A tiny cloud edged the moon, and the light faded, and it grew dark, and the darkness hid her; then softly, timidly almost it seemed, the radiance came creeping through the branches overhead again--and then he spoke.
"Helena," he said, steadying his voice with an effort, "you spoke of atonement a little while ago; but there is no atonement that I can make to you--nothing that I can do to change what I would give my soul to change. I know what it meant to you to send Thornton away to-night, for I love you now as you love him--I know why you did it, and--"
She was staring at him a little wildly--her hands pressed against her cheeks.
"Love--Thornton," she repeated in a sort of wondering way, a long pause between the words.
"Yes," he said gently; "I know. Have you forgotten what you told me this afternoon?--that you had learned--last night--what love was."
She shook her head.
"I do not love Thornton," she said in a monotone. "And yet it is true that through him I learned what love was, what it _could_ be--don't you understand?"

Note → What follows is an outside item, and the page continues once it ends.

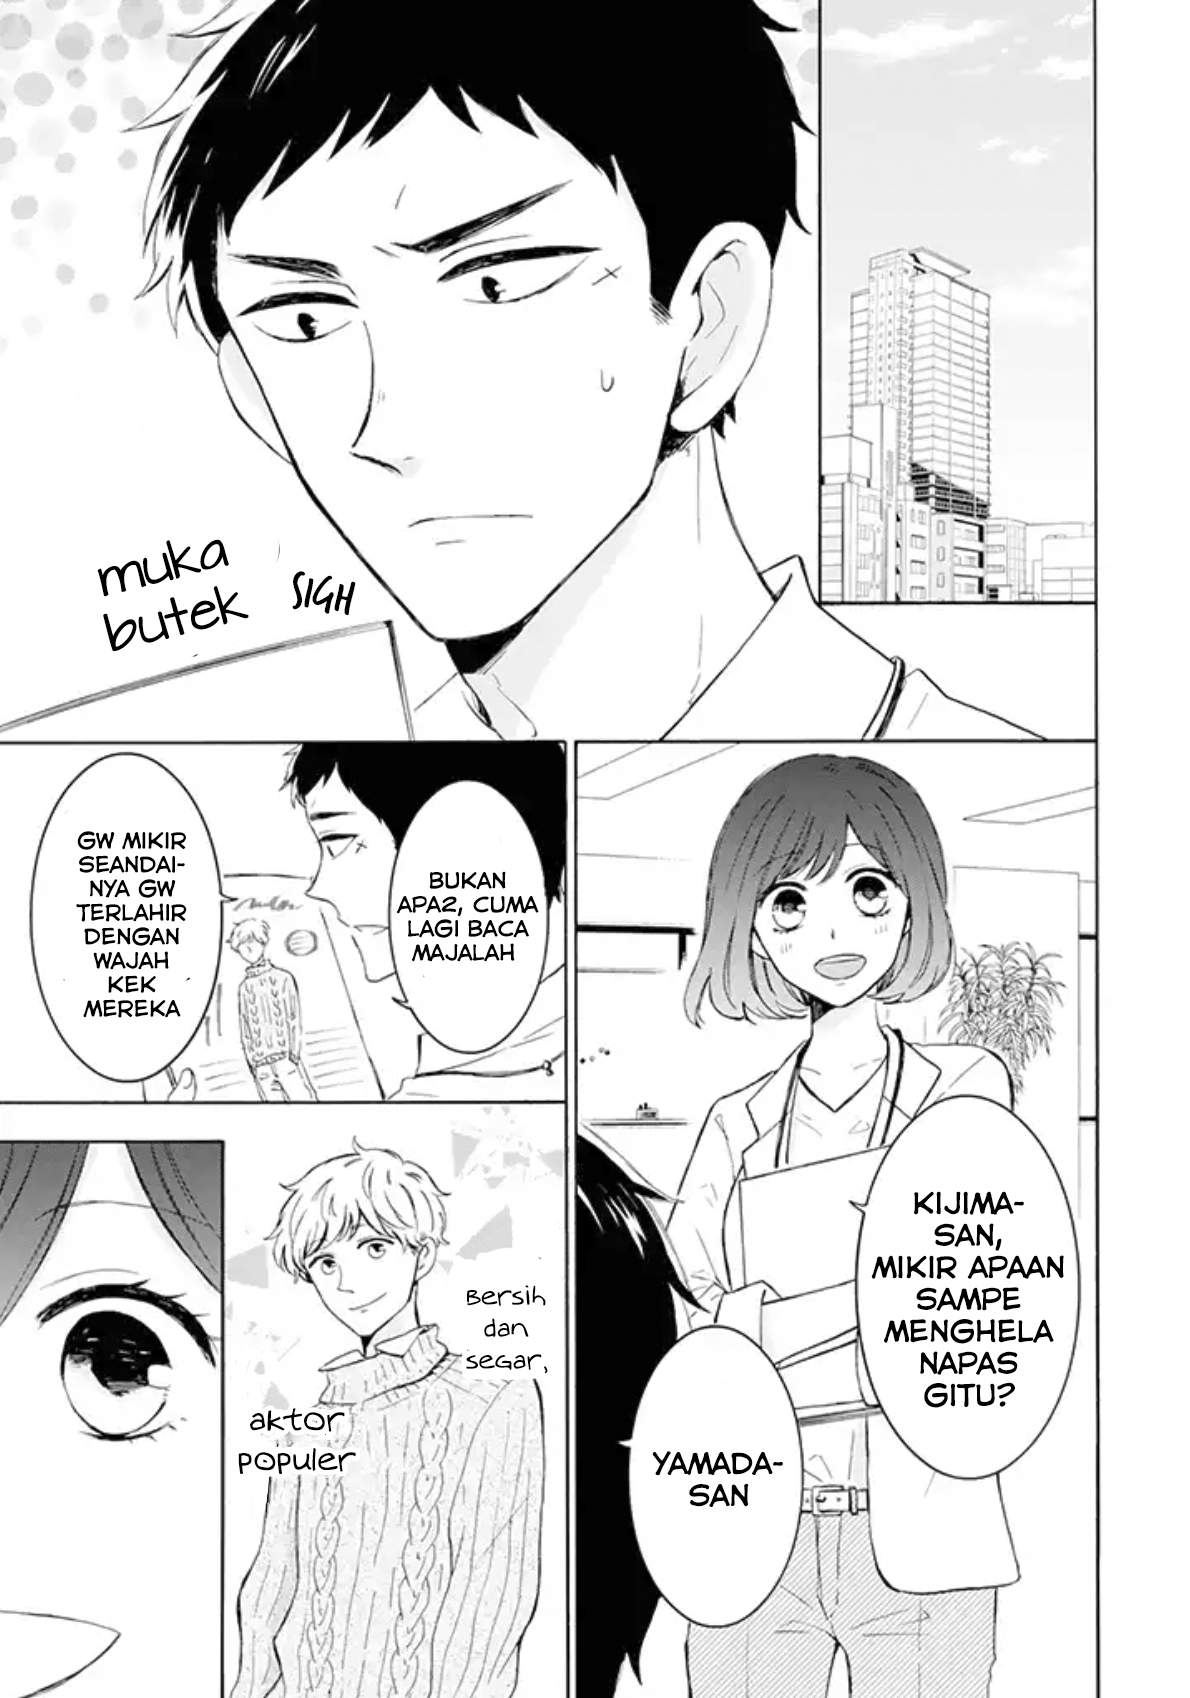 Kijima-san to Yamada-san Chapter 1

Understand! No; it seemed that he could never understand! She did not love Thornton! And then, as some fiery cordial, the words seemed to whip through his veins, quickening the beat of his heart into wild, tumultuous throbbing. Yes, yes, he could understand--it was true--true--she did not love Thornton.

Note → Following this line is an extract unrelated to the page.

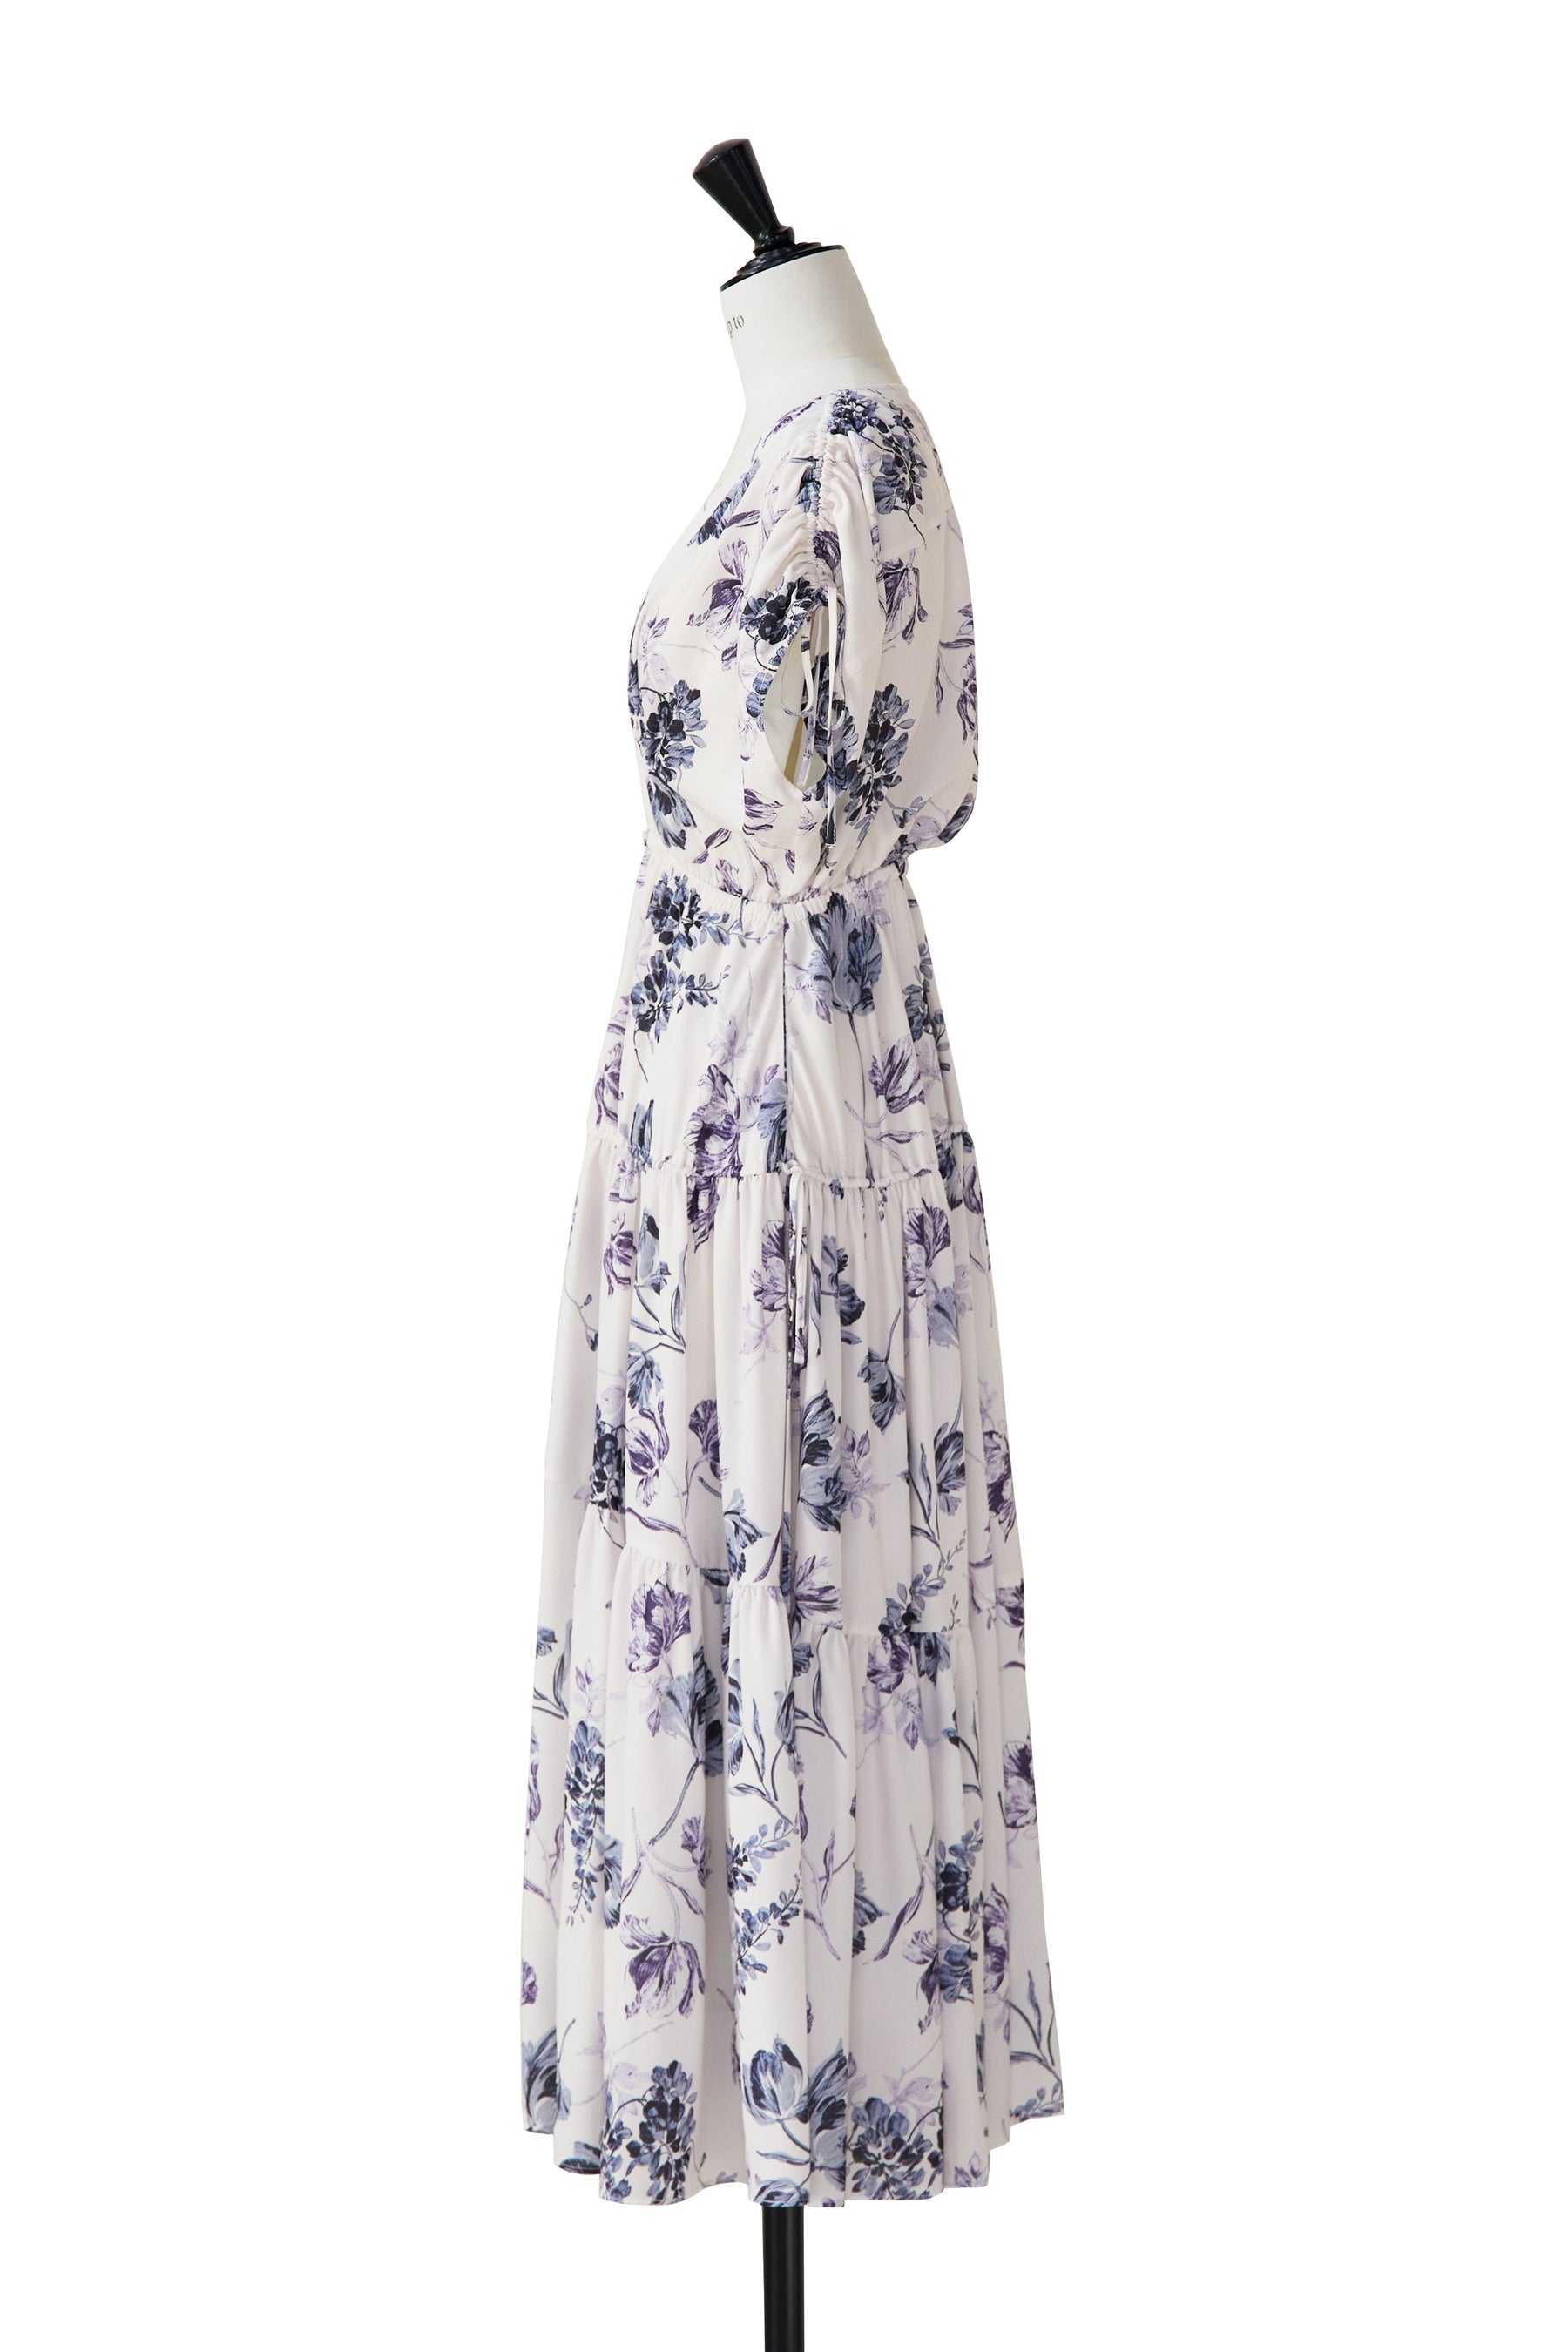 【6月上旬発送】【rich lavender】Full Of Love Long Dress

"Helena!" he cried--and stretched out his arms to her. "I thought, oh, God, I thought that I had lost you--Helena!"
But she did not move.
"What does it matter to you whether I love Thornton or not?" she said dully. "Does it change anything where you and I are concerned--does it change what I told you this afternoon--that I would not go back to _that_."
"To that! Ah, no!"--his voice rang dominant, vibrant, triumphant now. "Helena, don't you understand? We are to begin life again--in a new way, the true way, the only way. Don't you see--I love you!"
Still she did not move--but there was a great whiteness in her face, and in the whiteness a great light.
"You mean?"--her lips scarcely seemed to form the words.